The study found that the essential oil-containing rinse/fluoride combination produces a statistically significant reduction in gingival inflammation and plaque when compared to a negative control, according to Pfizer. The combo also was "at least as good as" the standard essential oil-containing rinse at inhibiting gingival inflammation and plaque, the firm says.

The trial involved 200 subjects who used 20 mL of either the combination rinse, the standard rinse or the negative control (5% hydroalcohol) twice a day for 30 seconds over a two-week period. The study's primary efficacy variables were mean MGI and mean PI ratings at two weeks.

In a synopsis of the study, Pfizer shows the combination achieved a reduction of 12.3% on the MGI and of 30% on the PI "relative to the negative control." Comparatively, the standard rinse produced 14.8% and 28.4% reductions on the respective tests relative to the negative control. The researchers also noted that no treatment-related adverse events were recorded during the study.

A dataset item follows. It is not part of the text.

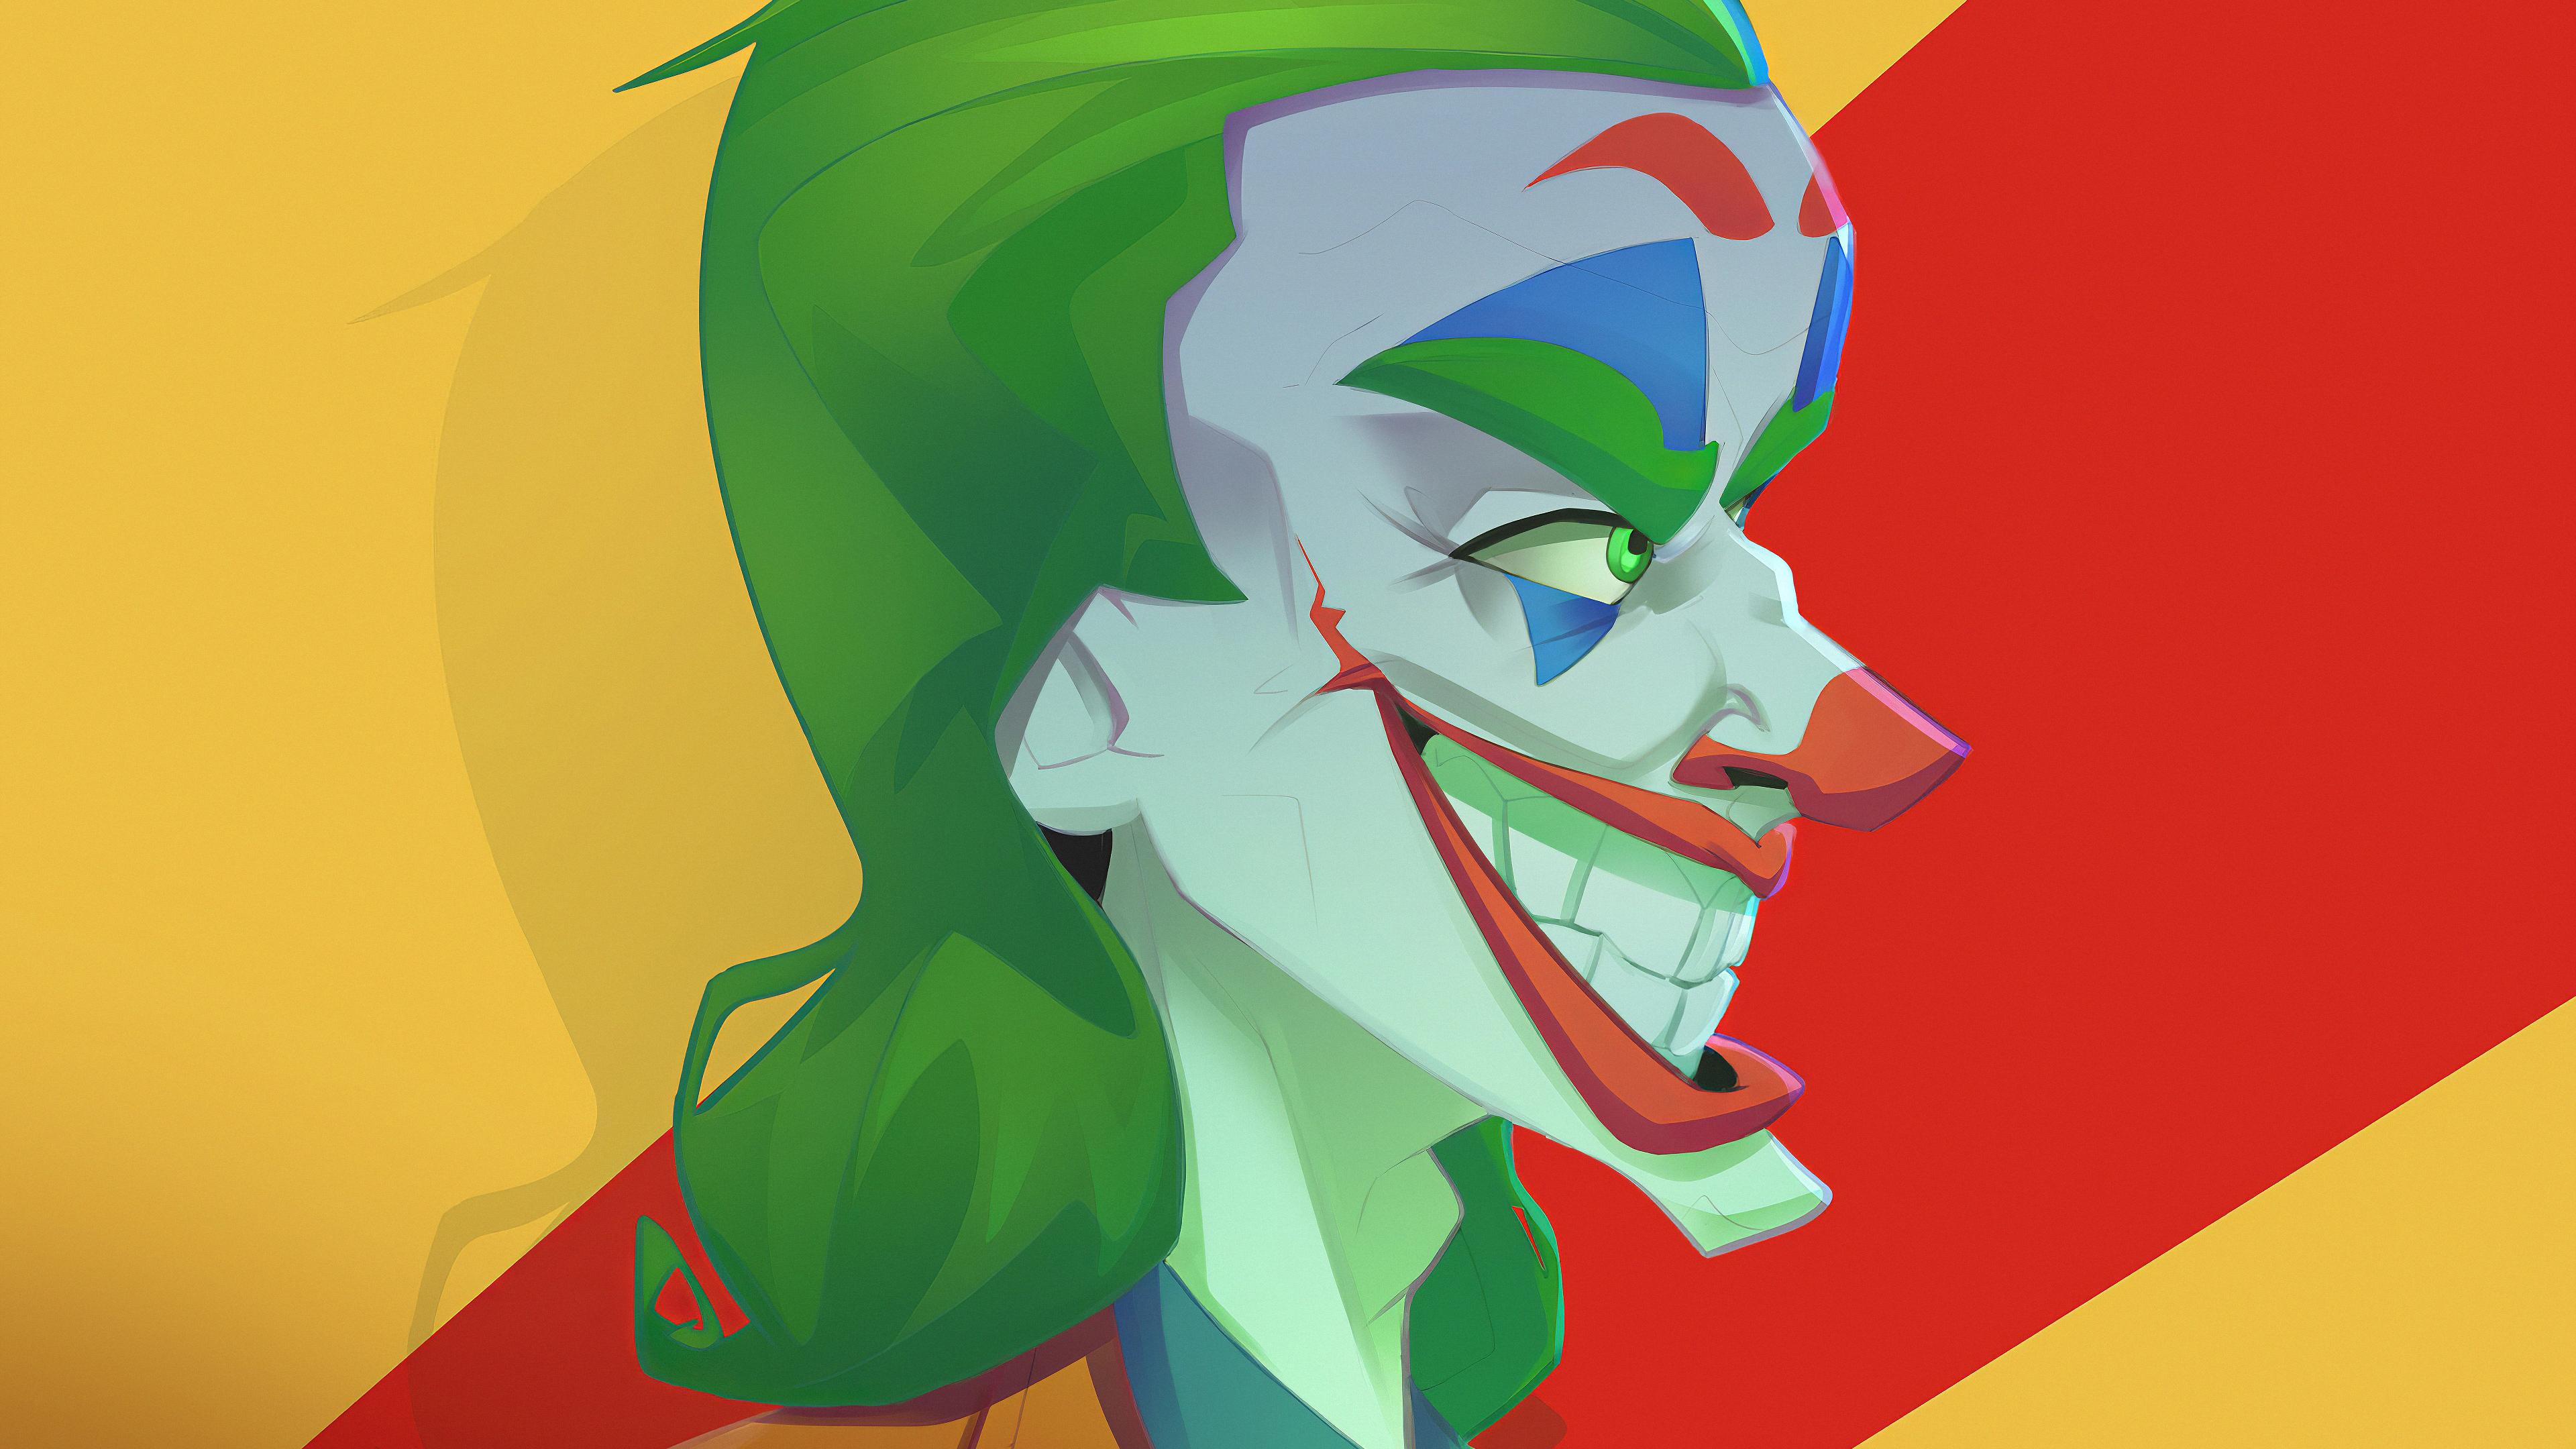 joker movie sketch art 1572368758 - Joker Movie Sketch Art - supervillain wallpapers, superheroes wallpapers, joker wallpapers, joker movie wallpapers, hd-wallpapers, 4k-wallpapers

The IOA study which FDA and Pfizer will discuss at the feedback meeting was conducted by Domenick Zero, et al., Oral Health Research Institute, Indianapolis, Ind.

The study determined that rinsing with 20 mL of the combination mouthrinse for 30 seconds twice daily over a two-week period is "effective in increasing both percent surface microhardness recovery and fluoride uptake by a statistically greater amount than" identical dosing of a standard mouthrinse.

In addition, the 20 mL dose is "at least as good as" 10 mL of the combination used for 60 seconds twice daily, the regimen currently recommended in the anticaries monograph, the researchers report.